Integer (Default 1). Number of cores to use for parallel computation. Only supported on Unix-like systems (Linux, macOS).

osm_stop_order_relaxed

Boolean (Default FALSE). If TRUE, OSM routes with entry/exit stops not respecting the right order will still be matched (this may indicate OSM data integrity problems). If FALSE, these routes will be ignored.

osm_route_type

character (Default "bus"). OSM route type. Used to query OSM network (e.g., 'bus', 'train').

Value

A data.frame (sf if geometry=TRUE) with the following columns:

route_id

The route_id attribute from routes.txt file.

shape_id

The shape_id attribute from shapes.txt file.

osm_id

The osm_id attribute from OSM route relation.

distance_diff

The difference, in meters, between GTFS shape and OSM route lengths.

points_diff

The sum of the difference, in meters, between GTFS shape and OSM route start and end points.

stops_diff

The difference between GTFS and OSM routes number of stops.

route_short_name

The route_short_name attribute from routes.txt file.

route_long_name

The route_long_name attribute from routes.txt file.

osm_ref

The ref attribute from OSM route relation.

osm_name

The name attribute from OSM route relation.

geometry

The geometrical data for the OSM route relation.

Details

For each route, matches its trips' shapes with OSM route relations.

The calculation is performed considering, for each GTFS route, the subset of OSM routes that match the route identifier (based on gtfs_match and osm_match).
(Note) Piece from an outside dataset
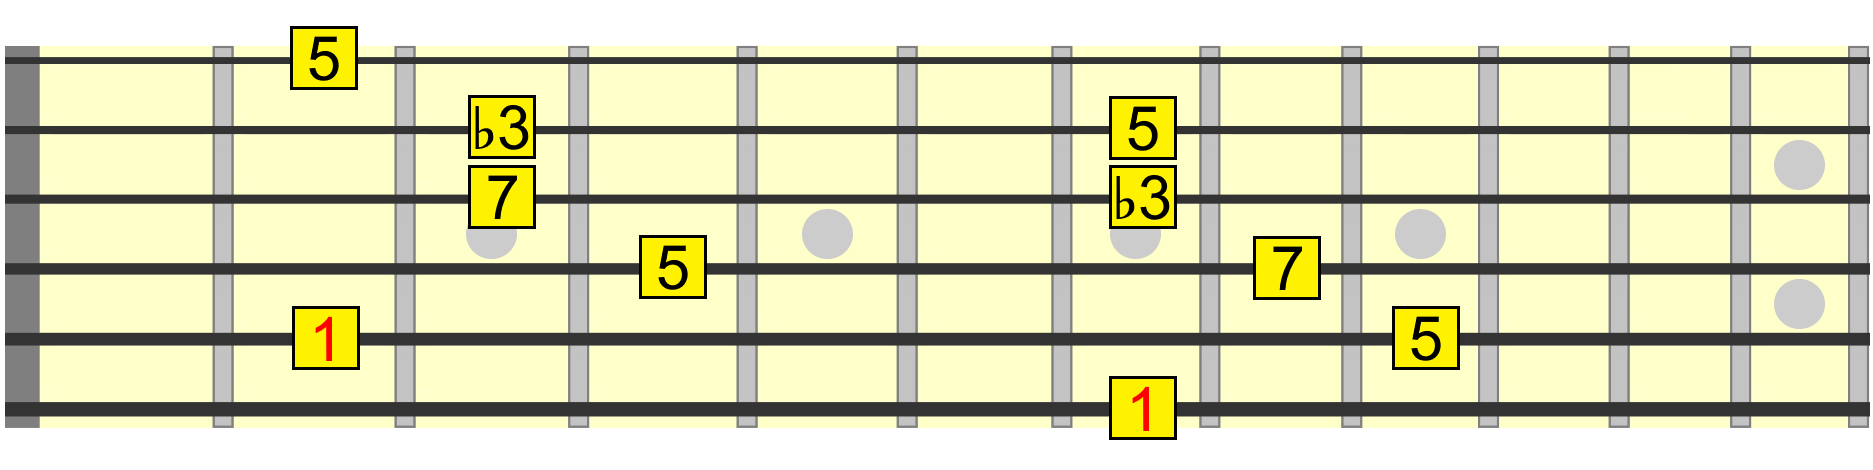 Melodic Minor Scale on Guitar - Everything You Need To Know

Then, for each shape, the geometrical match is performed considering the OSM route \(j\) that minimizes the closeness metric \(C(i, j)\) for GTFS shape \(i\):

$$C(i, j) = d(\text{init}_{GTFS, i}, \text{init}_{OSM, j}) + d(\text{fin}_{GTFS, i}, \text{fin}_{OSM, j}) + |L_{GTFS, i} - L_{OSM, j}| + \frac{L_{GTFS, i}}{N_{stops, i}} \cdot |N_{stops, i} - N_{stops, j}|$$

where:

  • \(d(\text{init}_{GTFS, i}, \text{init}_{OSM, j})\) is the distance between the starting points/stops of the GTFS shape \(i\) and the OSM route \(j\).

  • \(d(\text{fin}_{GTFS, i}, \text{fin}_{OSM, j})\) is the distance between the ending points/stops of the GTFS shape \(i\) and the OSM route \(j\).

  • \(L_{GTFS, i}\) and \(L_{OSM, j}\) are the total lengths of the GTFS shape \(i\) and the OSM route \(j\), respectively.

  • \(N_{stops, i}\) and \(N_{stops, j}\) are the number of stops on the GTFS shape \(i\) and the OSM route \(j\), respectively. The term \(\frac{L_{GTFS, i}}{N_{stops, i}}\) represents the average distance between stops on the GTFS shape, serving as a scale factor for the difference in the number of stops.

Be aware that the result might ignore some GTFS routes, in the following cases:

  • If there is no OSM route relation that matches the GTFS route identifier;

  • If, for a GTFS route, there is any OSM route relation that has entry/exit stops not respecting the right order;

  • If, for the same route, distinct shapes are associated to the same OSM route.

If any of these errors occurs, warnings will be thrown at end of the method execution, and those GTFS route will be ignored in the results.

Nevertheless, provided there are enough OSM routes, all the GTFS shapes for each route will necessarily be associated with an OSM one. This might generate wrong results if the topology of routes on OSM does not match the GTFS shapes for that route. Refer to distance_diff, points_diff and stops_diff on the results table to validate the results and identify misassociations.

Examples

if (FALSE) { # \dontrun{
gtfs <- GTFShift::load_feed("gtfs.zip")

q <- opq("Lisbon") |>
  add_osm_feature(key = "route", value = c("bus", "tram")) |>
  add_osm_feature(key = "network", value = "Carris", key_exact = TRUE)

# To use OSM API:
shapes_match_routes <- GTFShift::osm_shapes_match_routes(gtfs, q)

# To use a local OSM file:
osm_file <- oe_download("https://download.geofabrik.de/europe/portugal-latest.osm.pbf")
shapes_match_routes <- GTFShift::osm_shapes_match_routes(gtfs, q, osm_file = osm_file)
} # }